Keramat Kembar Karangasem terletak di Desa Bungaya Kangin, Kecamatan Bebandem, Kabupaten Karangasem, Bali. Makam keramat tersebut berada tidak jauh dari Jalan Raya Subangan arah ke utara, jalan tembus menuju ke Singaraja dari Desa Temukus. Dari Singaraja berjarak ± 6-7 km.
Di dalam satu cungkup makam kembar tersebut terdapat makam tua/kuno berjajar dengan makam Habib Ali bin Zainal Abidin al-Idrus. Menurut masyarakat, makam kuno inilah yang dikeramatkan sejak zaman dahulu. Makam ini diperkirakan berusia 350—400 tahun. Adapun mengenai nama, sejarah, dan dari mana asalnya, tidak satu pun yang tahu, bahkan juru kuncinya pun tidak tahu. Sebagian kalangan menyebutkan bahwa makam ini adalah makam dari Syekh Maulana Yusuf al-Baghdi al-Maghribi.
Adapun Habib Ali Zainal Abidin al-Idrus (wafat pada 9 Ramadhan 1404 H / 19 Juni 1983) dikenal sebagai ulama besar yang arif bijaksana, dan banyak santri yang mengaji kepadanya yang berasal dari Bali, Lombok dan sekitarnya. Semasa hidupnya, beliau menjadi juru kunci makam kuno itu dan dimakamkan di samping makan kuno tersebut.
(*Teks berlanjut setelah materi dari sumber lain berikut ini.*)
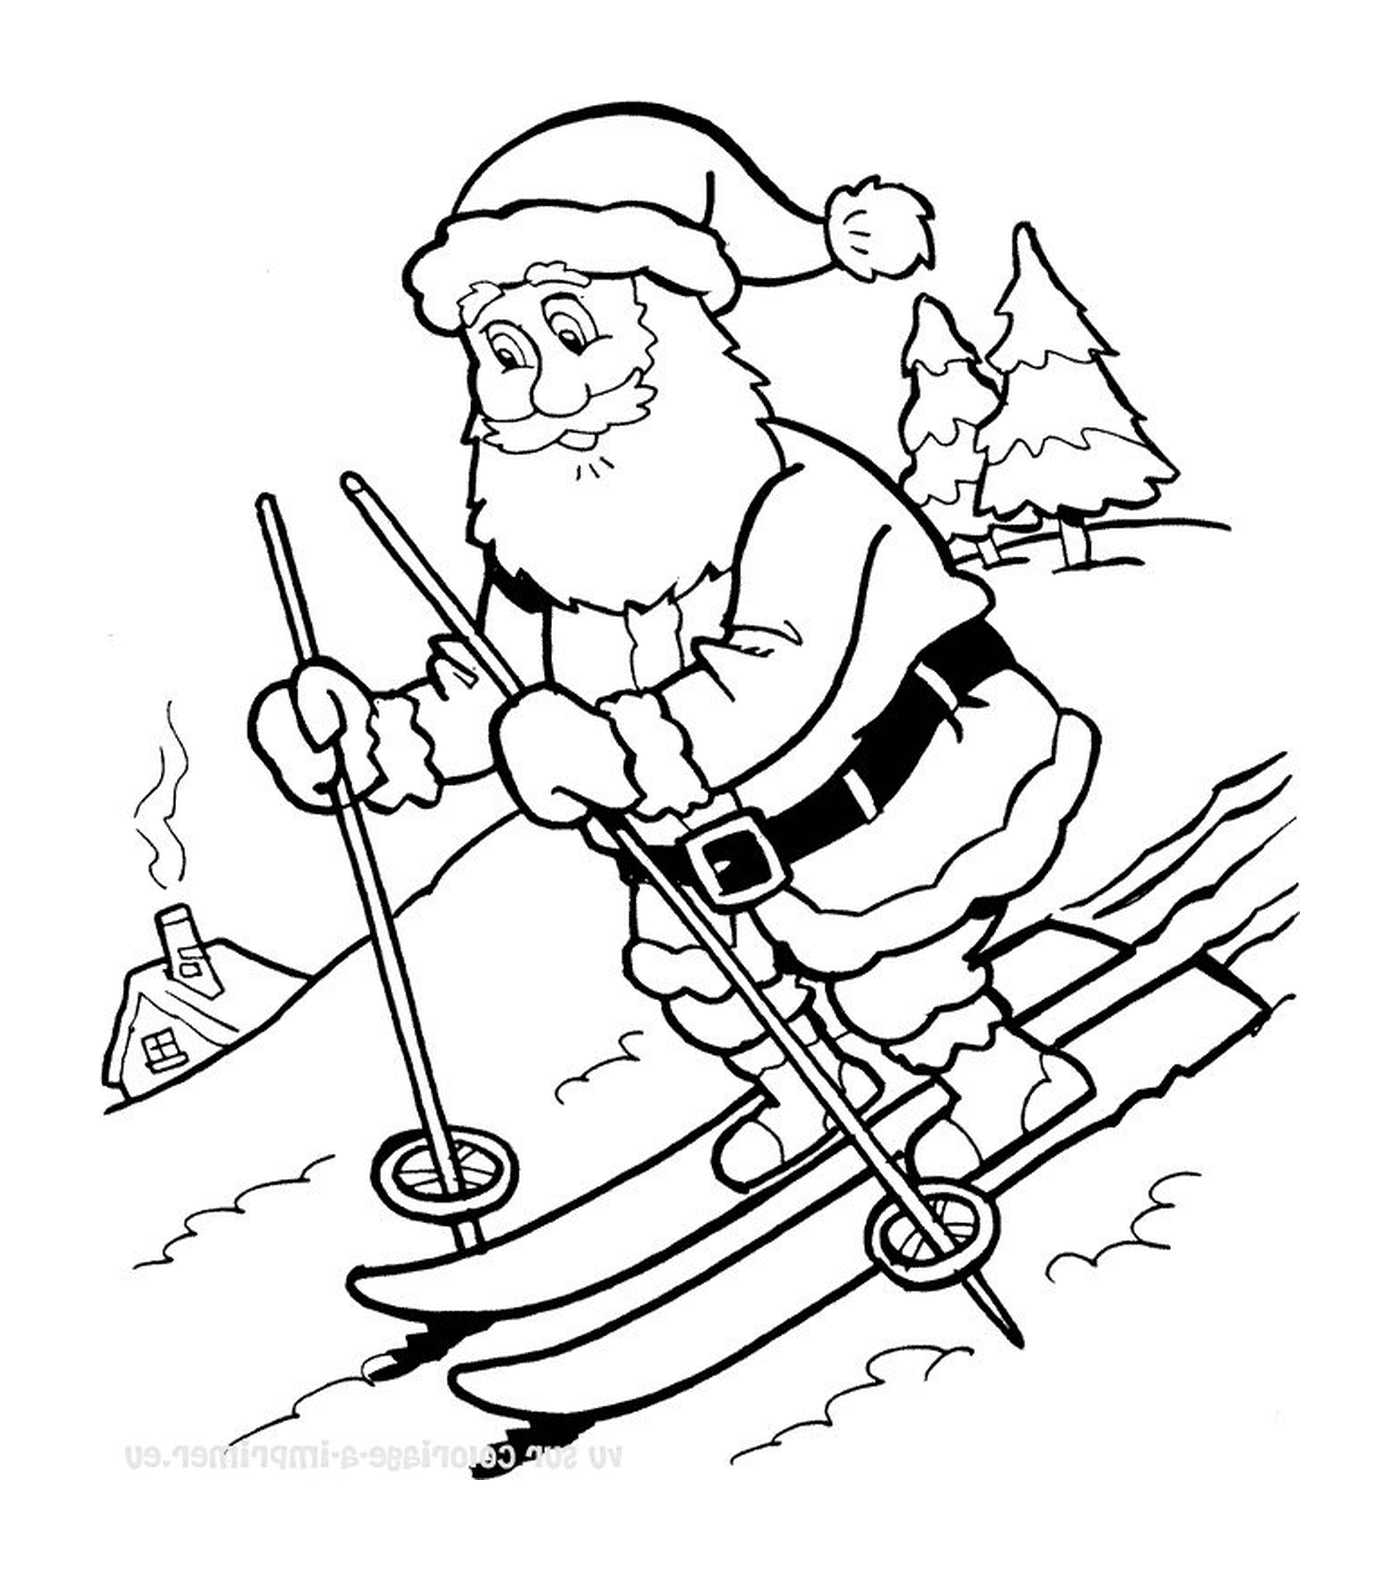  Papá Noel está esquiando 
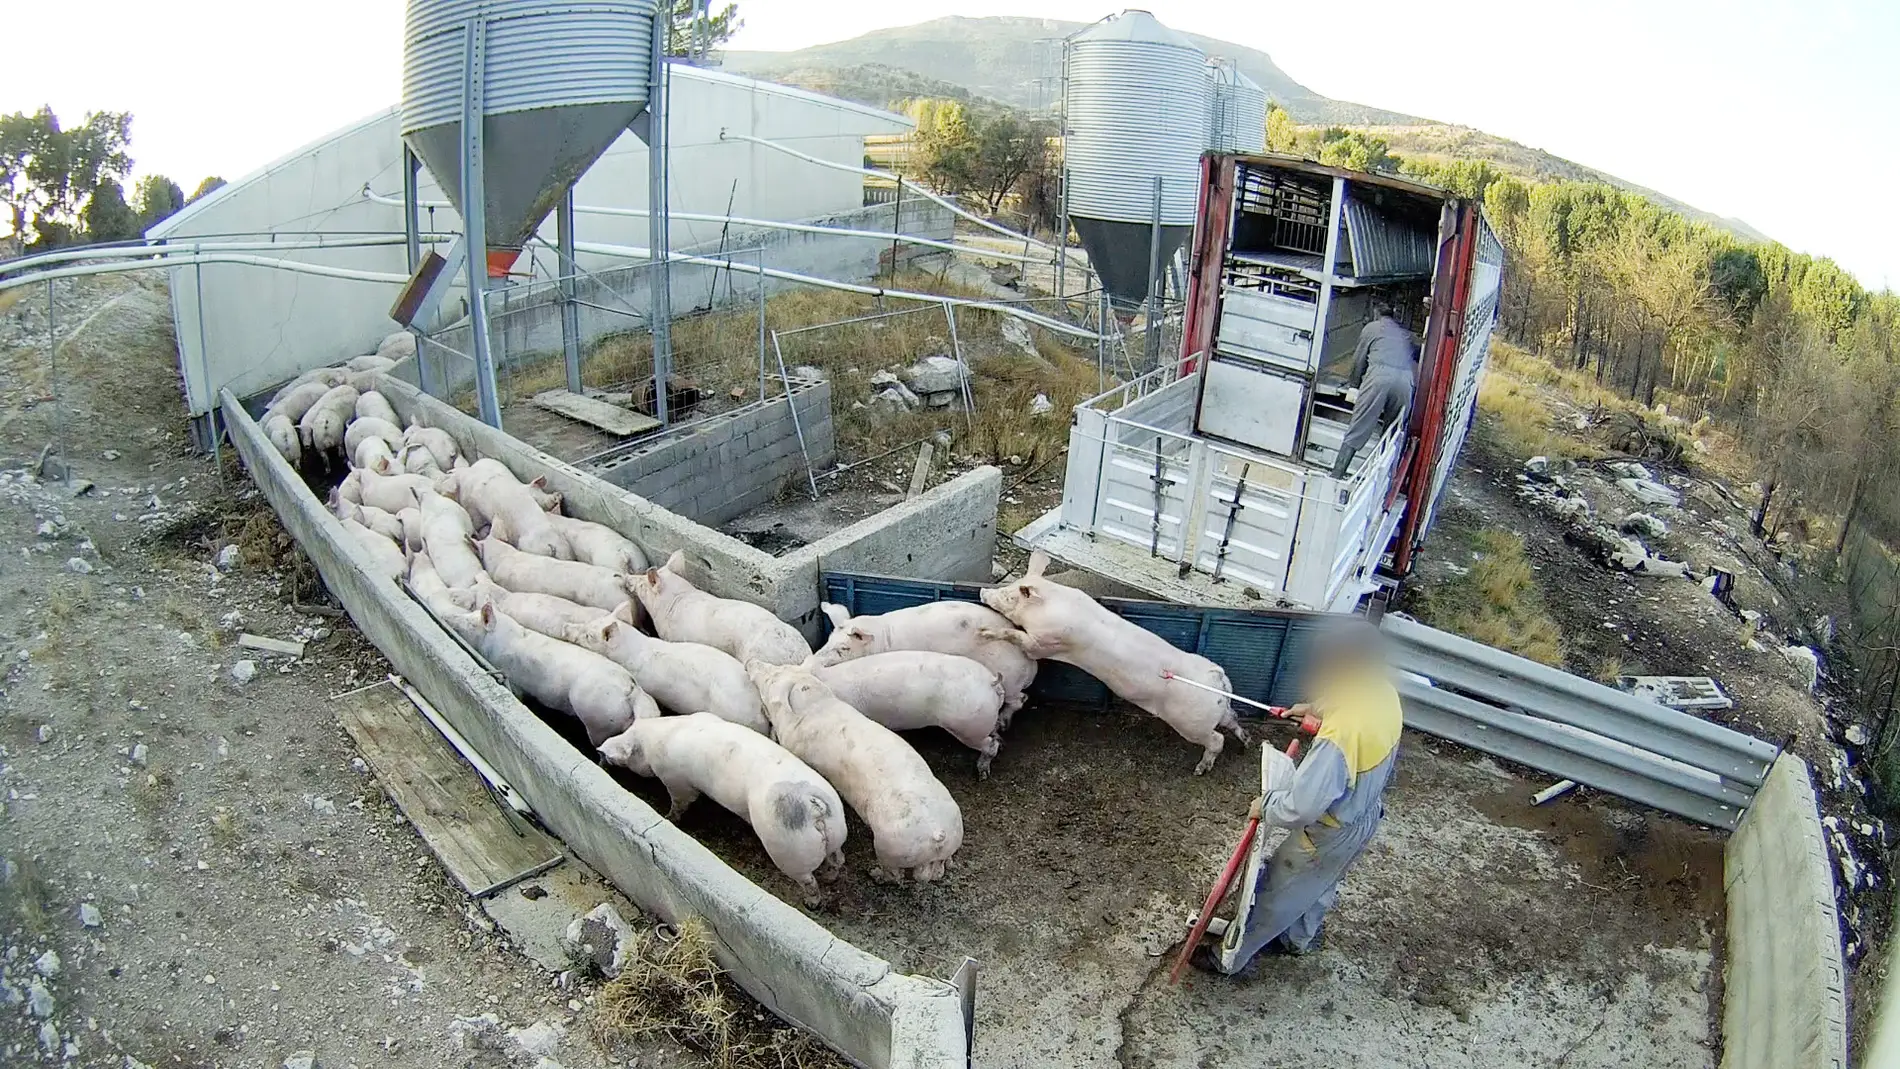 Cerdos en la granja porcina denunciada por el Observatorio de Bienestar Animal/ Observatorio de Bienestar Animal

5. Habib Syaikh Mawlana Yusuf al-Baghdadi al-Maghribi.
Wali kelima ialah Habib Syaikh Mawlana Yusuf al-Baghdadi al-Maghribi. yang dimakamkan tidak jauh dari makam Habib Ali bin Zainal Al-Idrus di Desa Bungaya Kangin, Kecamatan Bebandem, Karangasem. Di atas makam tersusun batu bata merah tanpa semen yang tak terawat dan tampak sangat tua. Makam itu selamat dari amukan Gunung Agung yang meletus dengan dahsyat pada 1963.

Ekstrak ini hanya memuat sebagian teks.